Das Forschungsdesign ist qualitativ-explorativ. Eine strukturierte Literaturrecherche lieferte den Bezugsrahmen und ein deduktives Kategoriensystem. Zwischen Mai und Juli 2026 wurden 14 semi-strukturierte Experteninterviews geführt, je 7 aus der Entscheidungs- und der Nutzungsperspektive. Drei Kernfälle stammen aus Schweizer KMU mit 2, 28 und 200 Mitarbeitenden, 11 Kontrastfälle aus grösseren Organisationen mit KMU-grossen Koordinationseinheiten. Ausgewertet wurde per qualitativer Inhaltsanalyse nach Mayring, ergänzt um eine Strukturanalyse der Belegungsmatrix.
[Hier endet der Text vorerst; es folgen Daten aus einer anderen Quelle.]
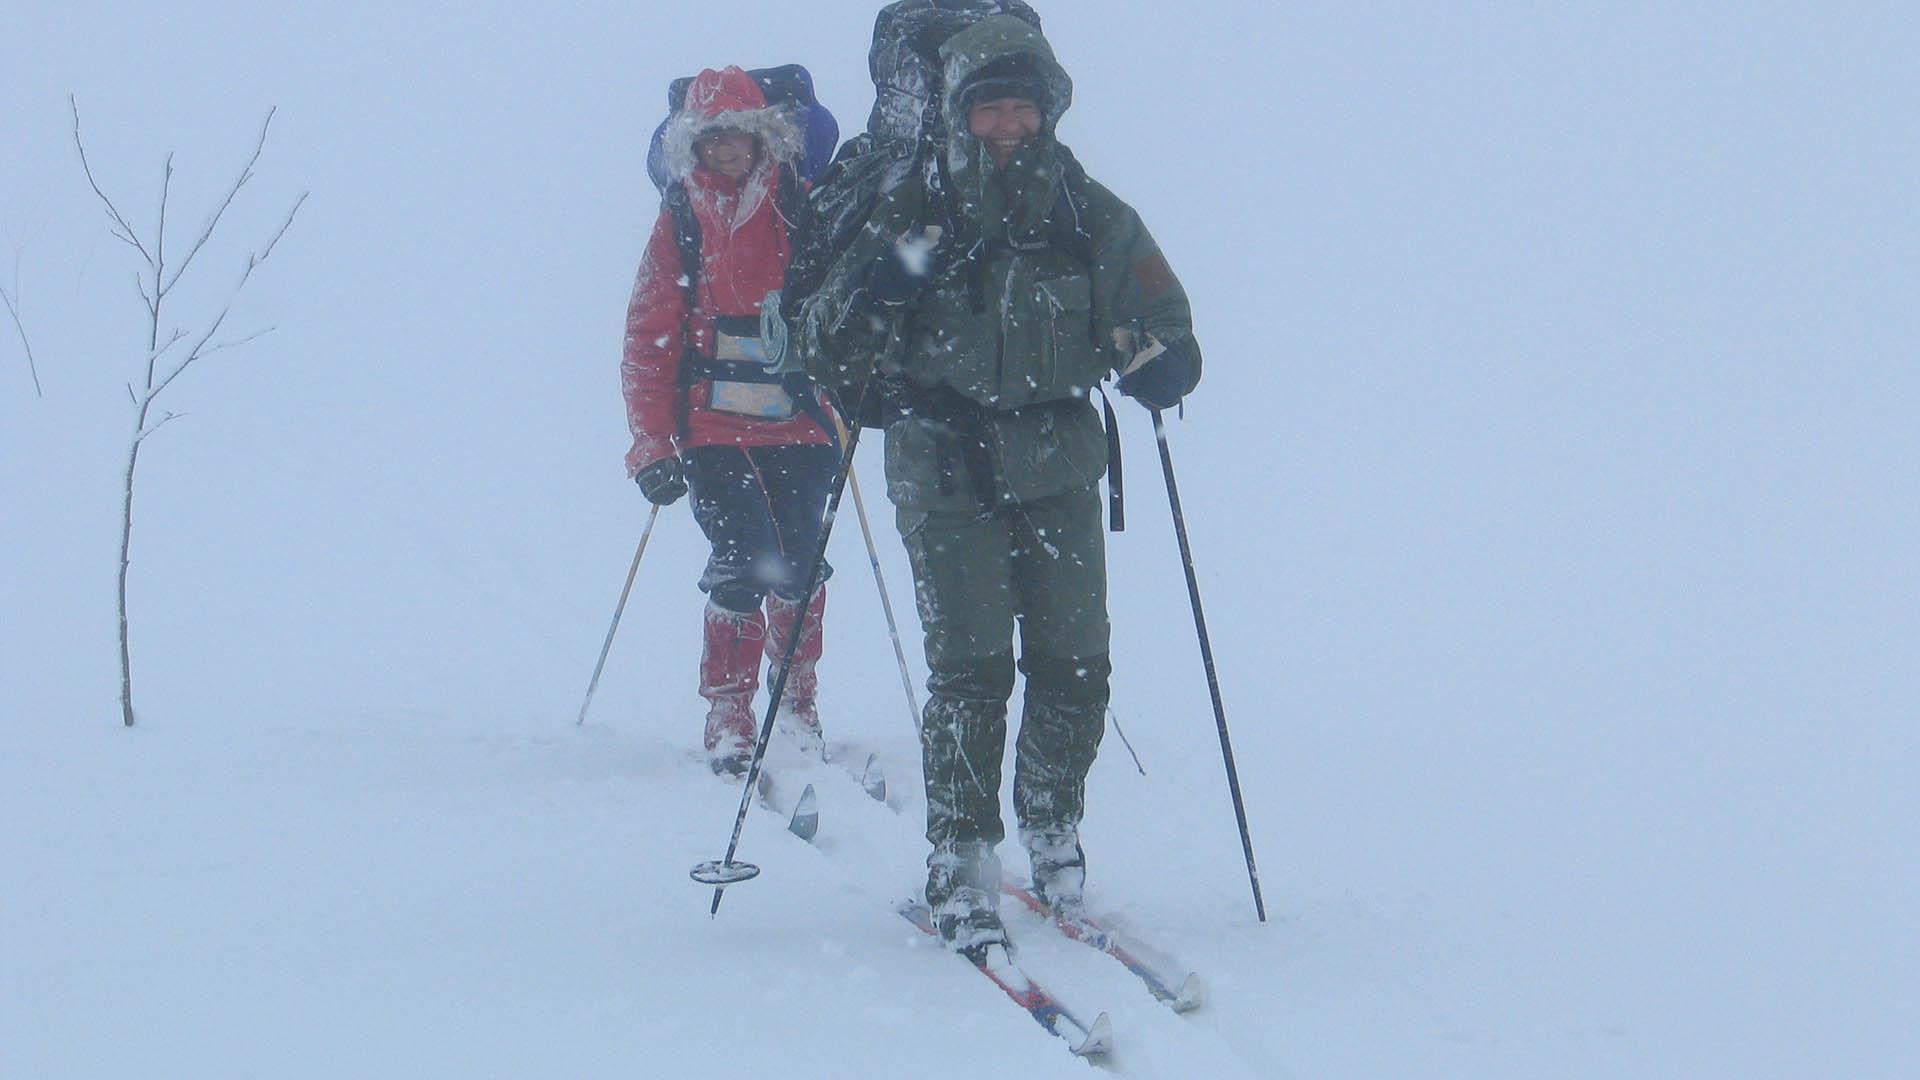 Zwei Back-country Skiläufer entlang einer markierten Route in totalem White-out. Nur die Markierung, die sie gerade passieren, ist sichtbar.

Der Bedarf folgt weder der räumlichen Distanz noch einer Branche oder Grössenklasse, sondern einer Merkmalskombination aus parallelem Projekt- und Betriebsgeschäft, mehreren externen Partnern, hybrider Arbeitsweise und Nachweispflichten. Die Probleme verdichten sich zu drei Mustern, nämlich Übergaben mit mehreren Beteiligten, verteilten Ablagen und personengebundenem Wissen. Sämtliche Führungspersonen führen über Ergebnisse statt über Anwesenheit, sichtbar wird dabei aber nur, was dokumentiert ist. Vertrauensbasierte Führung und Transparenzinfrastruktur erweisen sich als komplementär. Aktiv gesucht wird eine solche Lösung von niemandem, die Anforderungen konvergieren jedoch auf Integration, geringen Pflegeaufwand, eine konsolidierte Gesamtsicht und eingebaute Nachvollziehbarkeit.Die Ergebnisse liefern der Auftraggeberschaft eine fundierte Entscheidungsgrundlage zur Bedarfslage. Sie umfasst ein trennscharfes Zielgruppen- und Anti-Persona-Profil, drei grössenabhängige Beschaffungsmuster, eine Positionierung als Transparenzschicht über den bestehenden Werkzeugen sowie ein Pilotdesign mit Null- und Nachmessung, das den Nutzen in eingesparter Koordinationszeit messbar macht.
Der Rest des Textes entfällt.